Smart money, though, is chasing returns away from the US and even the European Union. While that strategy by itself leaves much to be desired, at least it proves more defensible than the air of resignation that surrounds anyone forced to invest in the US economy.
Chinese banks pay their depositors less than what US banks pay theirs. Even so, the former cannot keep away their surpluses, which eventually wind their way back through the financial markets to the US. But this calculation only works as long as the returns on US assets exceed the currency-adjusted return for Chinese banks. In the past two years, that was certainly not the case, as the Chinese currency appreciated more than the nominal yield differential between the two classes of assets.
While this loss may have been bearable a few years ago when China had less than US$150 billion in foreign-exchange reserves, its current position of more than $1 trillion means that even a 1% loss as described above translates into a mind-boggling figure of $10 billion. In practice, the Chinese government loses more than that every year to keep the peace with the Americans and Europeans.
On the benefits side of the equation, China gets to keep manufacturing jobs that could otherwise be lost – albeit not to North America or Europe, but rather to other Asian economies lower down in the manufacturing value-addition scale, such as India and Vietnam. The forsaking of domestic demand for this purpose is going to look, at some stage, like an overly high price to pay. I expect that between a sudden decline in property or stock prices and continued pressure from the US administration, China will push through a staggered revaluation of its currency against the US dollar this year and next.
Financial markets are already signaling this eventuality, as the rising prices of Chinese financial companies now show. The country’s largest bank and its largest life-insurance company are, respectively, the third- and second-largest by market capitalization in the world. Behind this creditable achievement lies the expectation of foreign investors to benefit from significant currency appreciation, rather than any overt trust in the fundamentals of such companies.
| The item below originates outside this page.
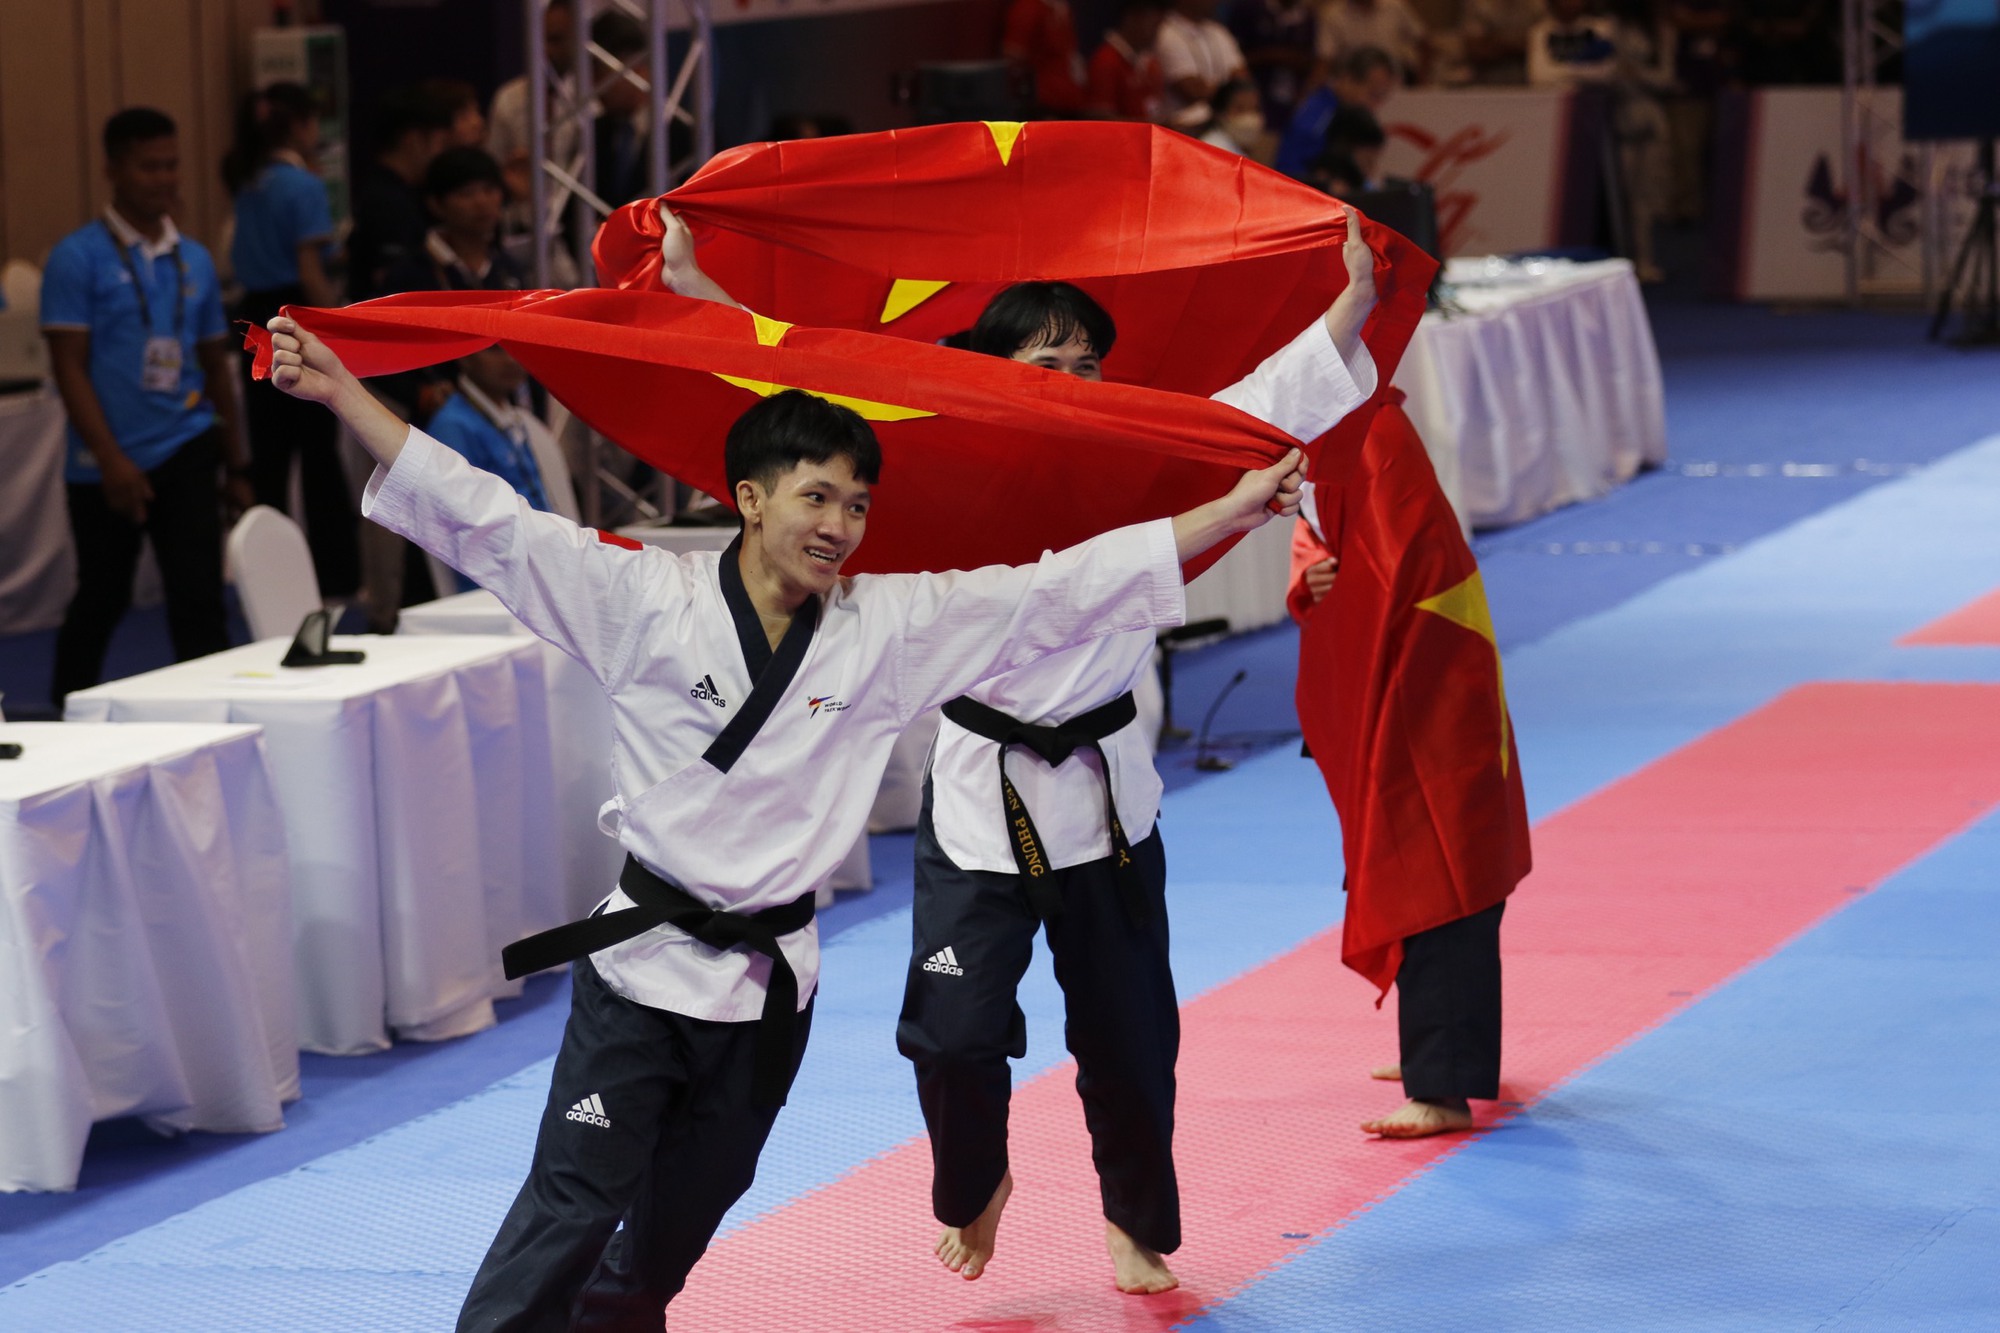 Võ sĩ giành HCV Taekwondo: ‘Đẳng cấp SEA Games cao hơn giải châu Á và Thế giới’ - Ảnh 1.

Chinese banks continue to face huge challenges, ranging from their excessive deposits to their large and growing book of problem loans. Meanwhile, Chinese insurance companies face the threat of a staggeringly quick demographic decline, which, when measured against the poor returns on less risky assets in the country, implies that growth in overall income is likely overstated.
Thus the primary reason for investors to partake of such assets, at inflated prices, is the expectation that they can profit from the rise before any downturn. Investors in US or European assets can hardly complain on this front, seeing as the assets they are holding appear equally subject to overoptimistic valuations. At one stage during the emerging markets crisis of the late 1990s, the value of one US company exceeded the combined market capitalization of all emerging markets. It is the natural order of things that the boot is now on the other foot.
If the sting of a scorpion surprises a burglar, he is caught between the need to scream, risking capture, or silently bearing the pain before gingerly withdrawing into the night. Much the same logic rules the financial markets these days, where the poor returns to be had in the US markets have driven many investors to search for alternatives, even if these appear overvalued themselves.
This global epidemic of pseudo-logic will end in tears for many investors, but at least the people with the real savings have the ability to recover, which the US economy appears to lack.